Dataset extract:
■ ■ ■ ■
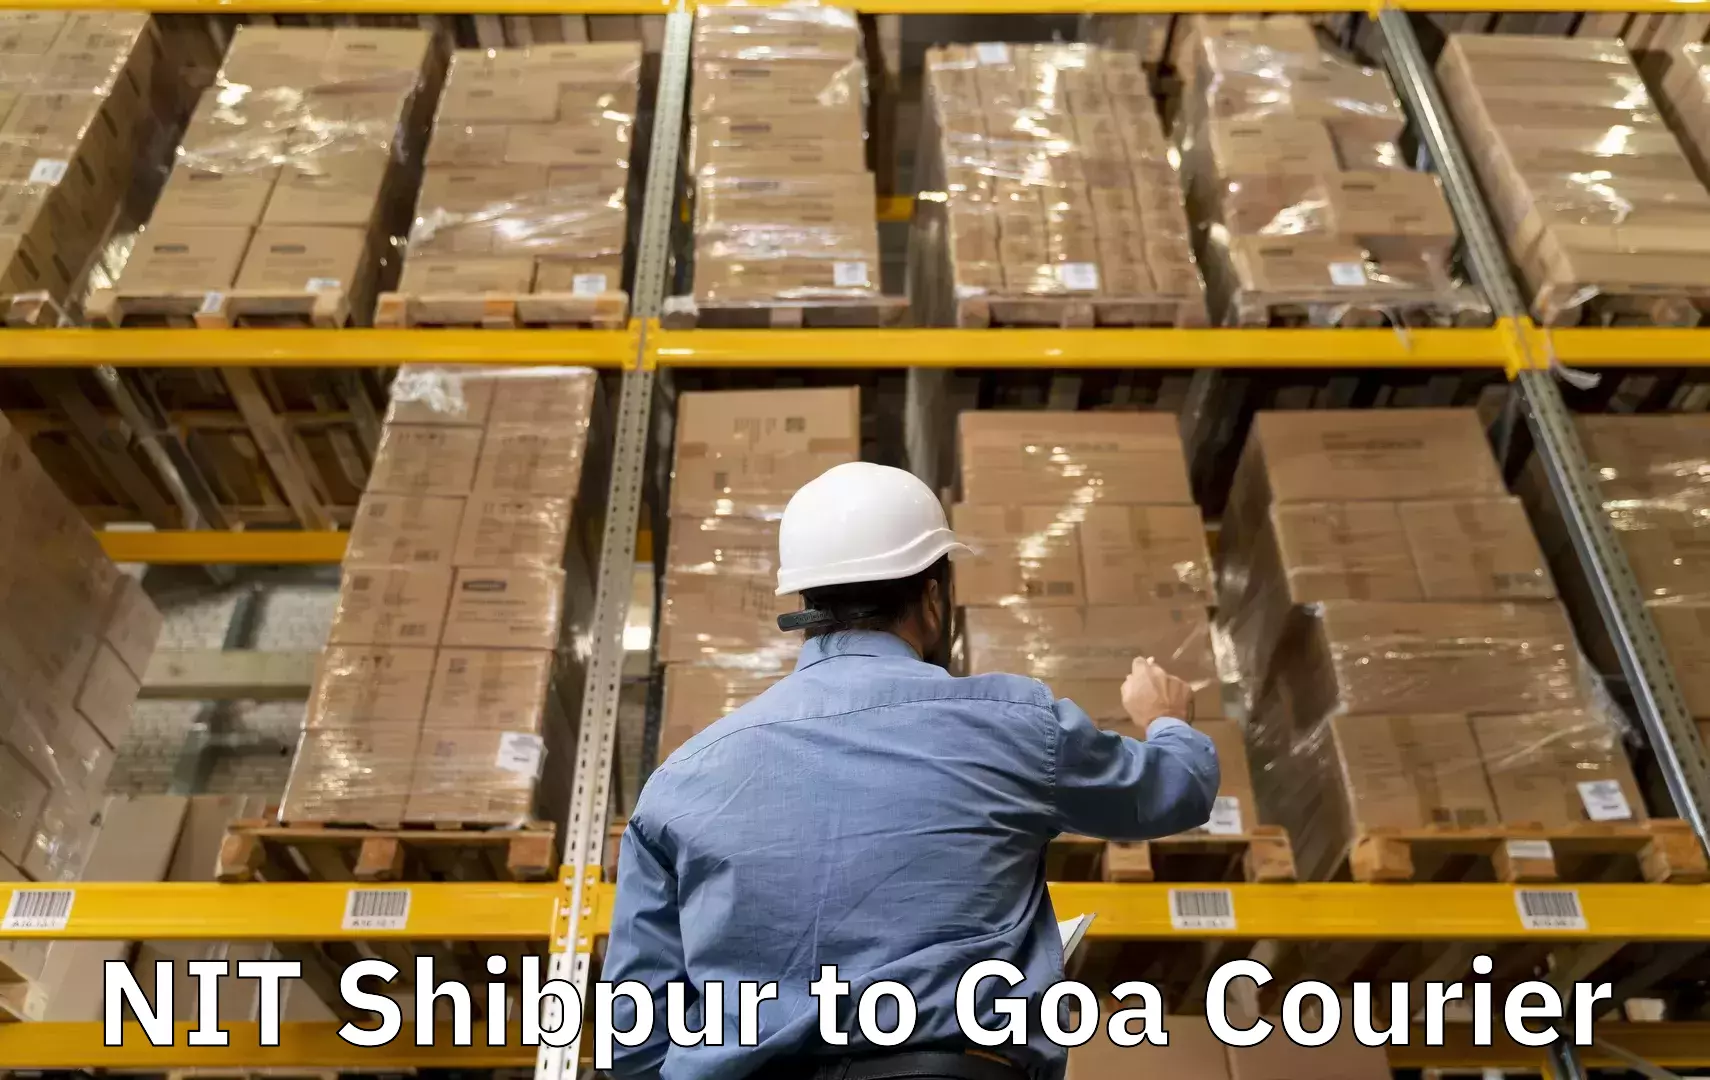 Baggage transport scheduler NIT Shibpur to Goa
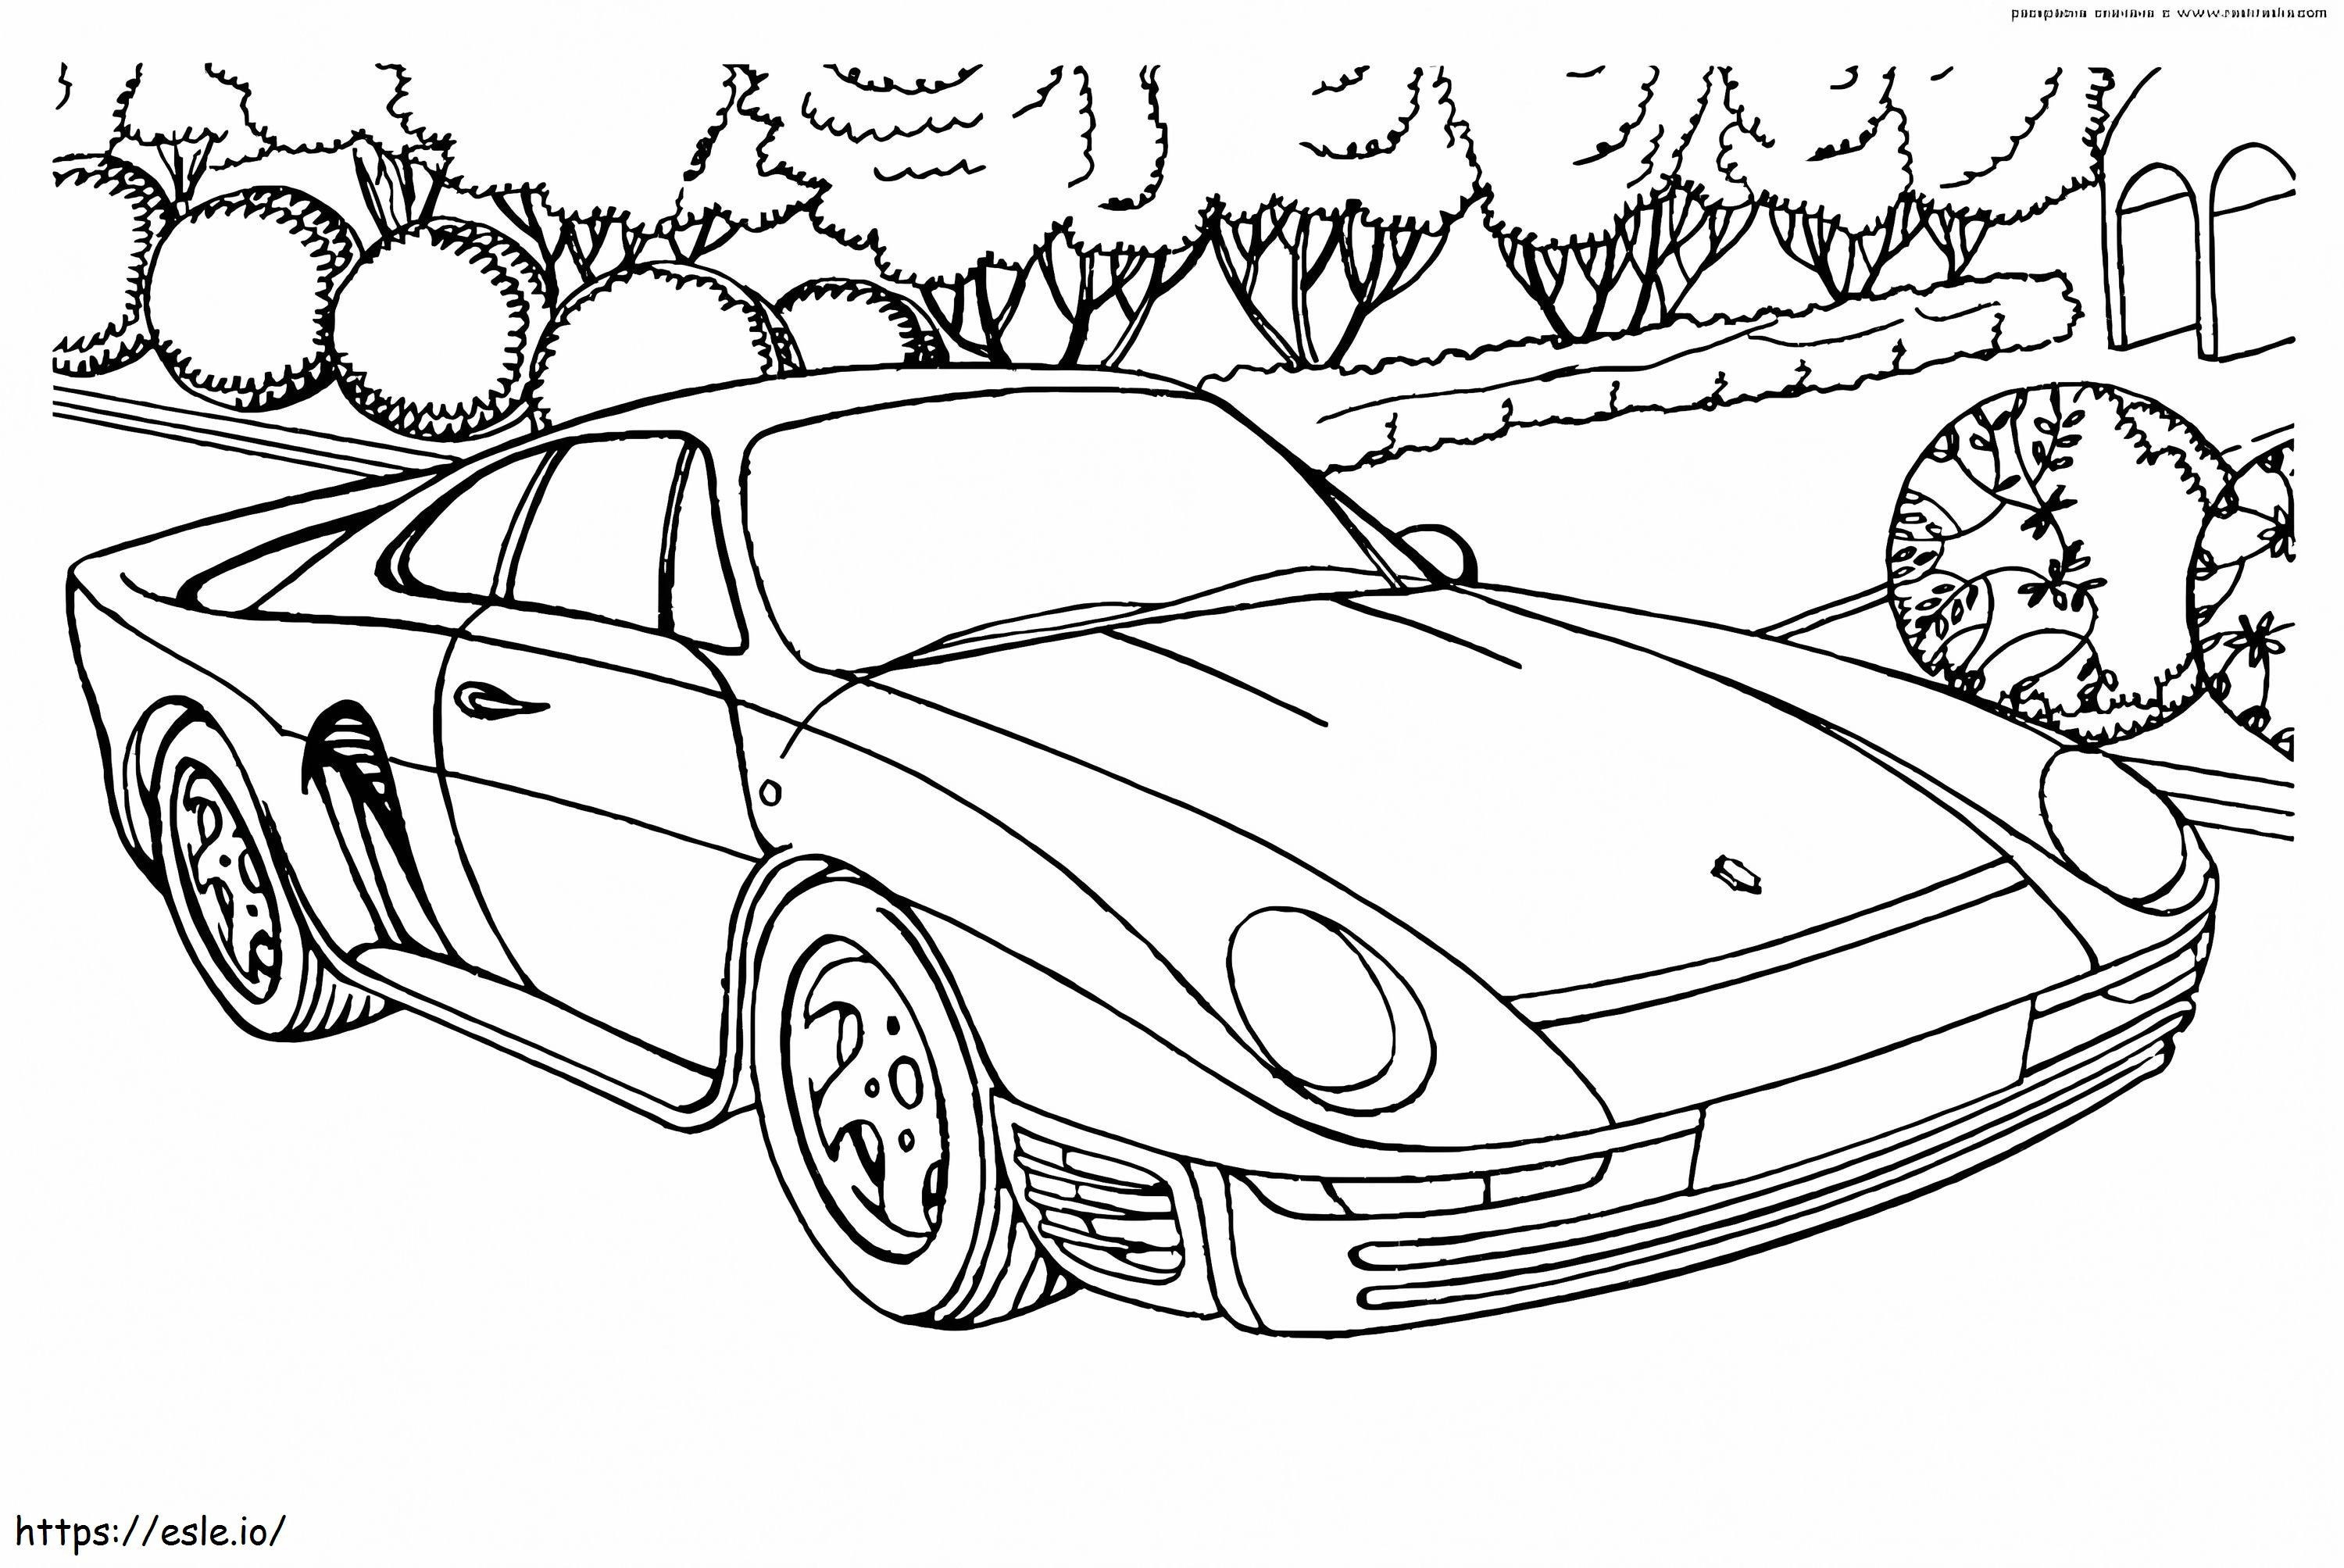 Porsche 959 coloring page
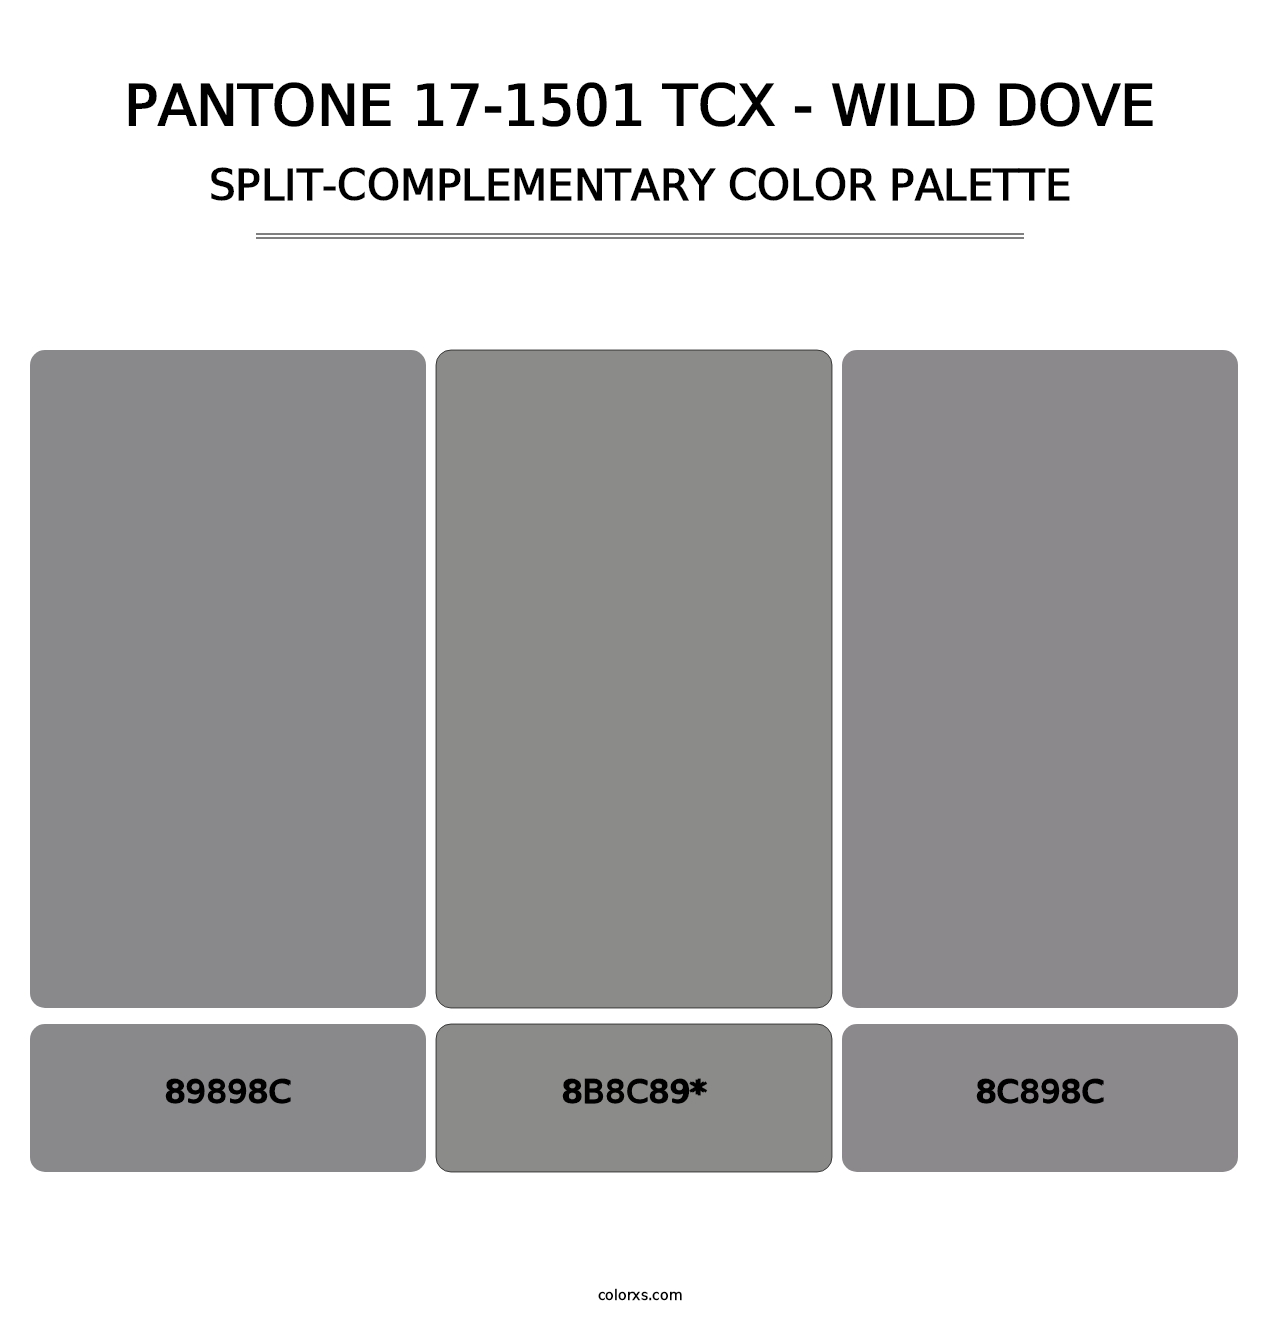 PANTONE 17-1501 TCX - Wild Dove - Split-Complementary Color Palette
■ ■ ■ ■
The problem: Write out the data once more exactly, omitting the pictures.

Response:
 Baggage transport scheduler NIT Shibpur to Goa
 Porsche 959 coloring page
 PANTONE 17-1501 TCX - Wild Dove - Split-Complementary Color Palette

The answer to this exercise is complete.